Sewer Plans Once Again Threaten Elk
By John McCoy
If you tilt your head toward Pocahontas County and listen closely, you can hear the Elk River’s nationally famous trout fishing being flushed down 1,950 toilets.
The final gurgle at the bottom of the bowl hasn’t yet been heard, but a hand is on the lever and is starting to exert pressure. The hand belongs to Scott Milliken, a commissioner for the Pocahontas County Public Service District. At a July 16 meeting, Milliken shocked an audience of Snowshoe Resort landowners when he announced wholesale changes in the site and design of a proposed sewage plant for 1,950 homes along the upper Elk watershed.

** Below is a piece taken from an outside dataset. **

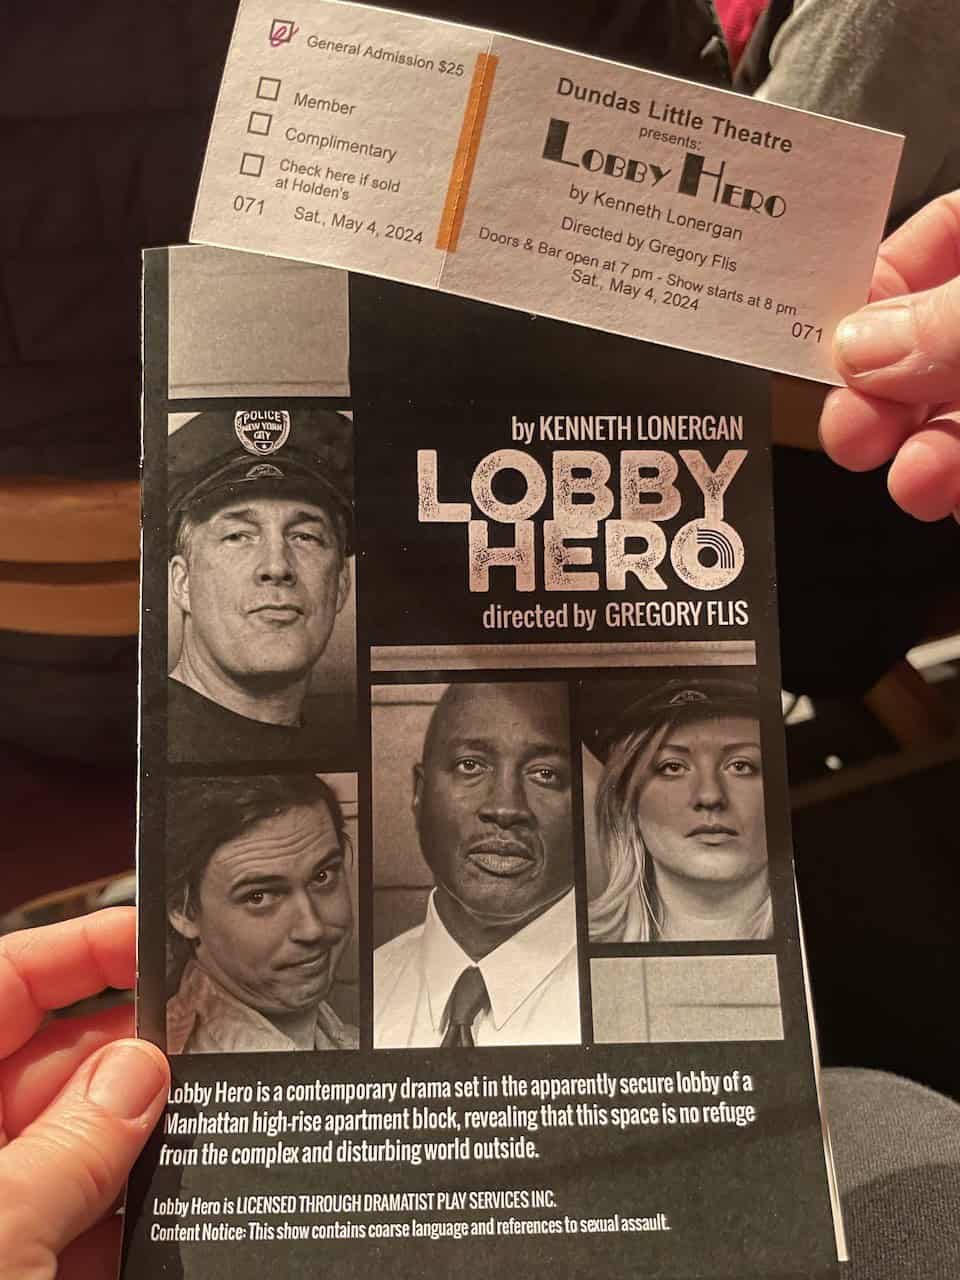 Dundas Little Theatre Show Ticket and Program - We purchased our tickets ahead of time and were given a program as we entered the theatre. The talented cast of Lobby Hero put on a great show at the Dundas Little Theatre in Dundas, Ontario, Canada.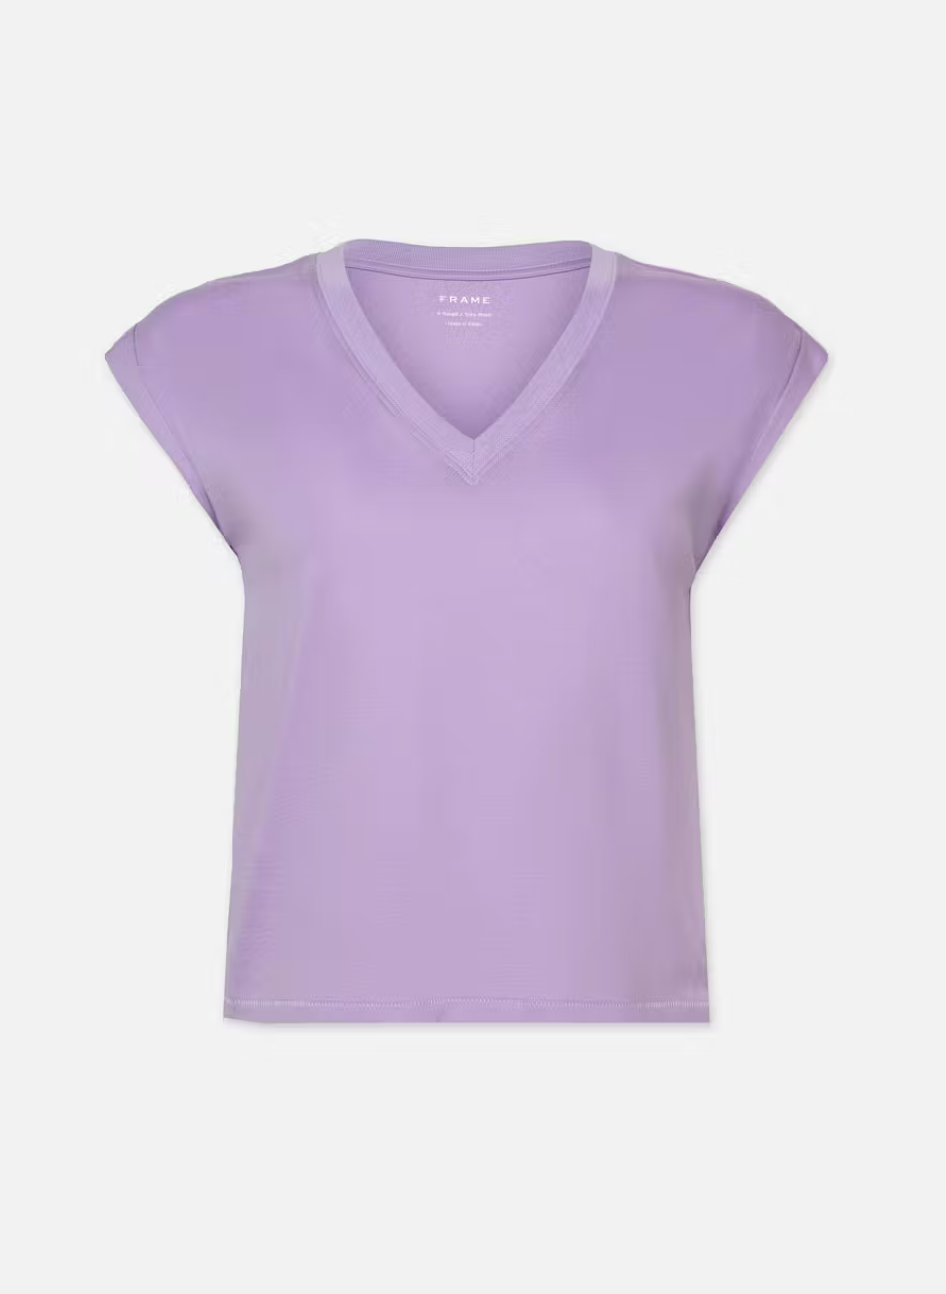 Easy v-neck tee in lilac

Milliken told the audience that the plant would be built at Slatyfork, near the junction of the Elk’s two main tributaries, Old Field Fork and Big Spring Fork. Milliken further revealed that the plant would not contain special filtering and cooling systems designed to protect trout fishing.
The announcements stunned Dave Breitmeier, a fishing guide who lives near the Elk at Valley Fork. “It was like [PSD officials] did a complete 180-degree turnabout,” he said earlier this week via telephone.
At a public meeting just a few days earlier, a spokesman for Clarksburg-based Thrasher Engineering had announced that the plant would be located on Snowshoe Resort property near Cupp Run, and that the sewage would be run through a batch filtration system, a mechanical membrane bioreactor system and an effluent cooling system before being released.
“When [the engineer] told us those things, I frankly was relieved,” Breitmeier said. “With that [Cupp Run] site, there’s no danger of flooding and no danger that the sewage could get into the sinkholes and caves that underlie the Slatyfork area. And with that degree of treatment, the water being discharged from the plant wouldn’t do any harm to trout fishing.”
The most stunning aspect of the recent turnabout is that regulatory agencies can’t do much about it.
The state Department of Environmental Protection, which must issue the necessary permits, cannot recommend building sites or treatment specifications. They can only approve or deny an entity’s permit applications.
The state Division of Natural Resources is equally powerless. DNR officials have a duty to protect the Elk’s trout fishing, but they can’t lift a finger until real harm is done.
“If we were to comment on [the latest PSD announcement], we wouldn’t consider the Slatyfork site to be a favorable one,” said DNR director Frank Jezioro. “Between the engineering, the threat of flooding, the underground voids and the warm discharge, there are too many unknowns about what might happen to the Elk’s trout fishery.”
Philosopher Edmund Burke once said, “All that is needed for evil to triumph is for good men to do nothing.” As things stand, DEP and DNR officials appear to be working “by the letter” while waiting for West Virginia’s fickle political winds to blow.
Gov. Joe Manchin could influence those winds in a heartbeat.
To fund the $17 million Elk River project, the Pocahontas County PSD first has to get money from the state via the DEP. The DEP also controls the project’s waste load allocation permit.
Gov. Manchin displayed a profound interest in the Elk’s trout fishery not long ago when he arranged for Grafton Coal Co. to donate 80 acres to the DNR for a fishing access site. That donation would look pretty meaningless if an improperly sited, inadequately designed sewer plant ruined the fishery.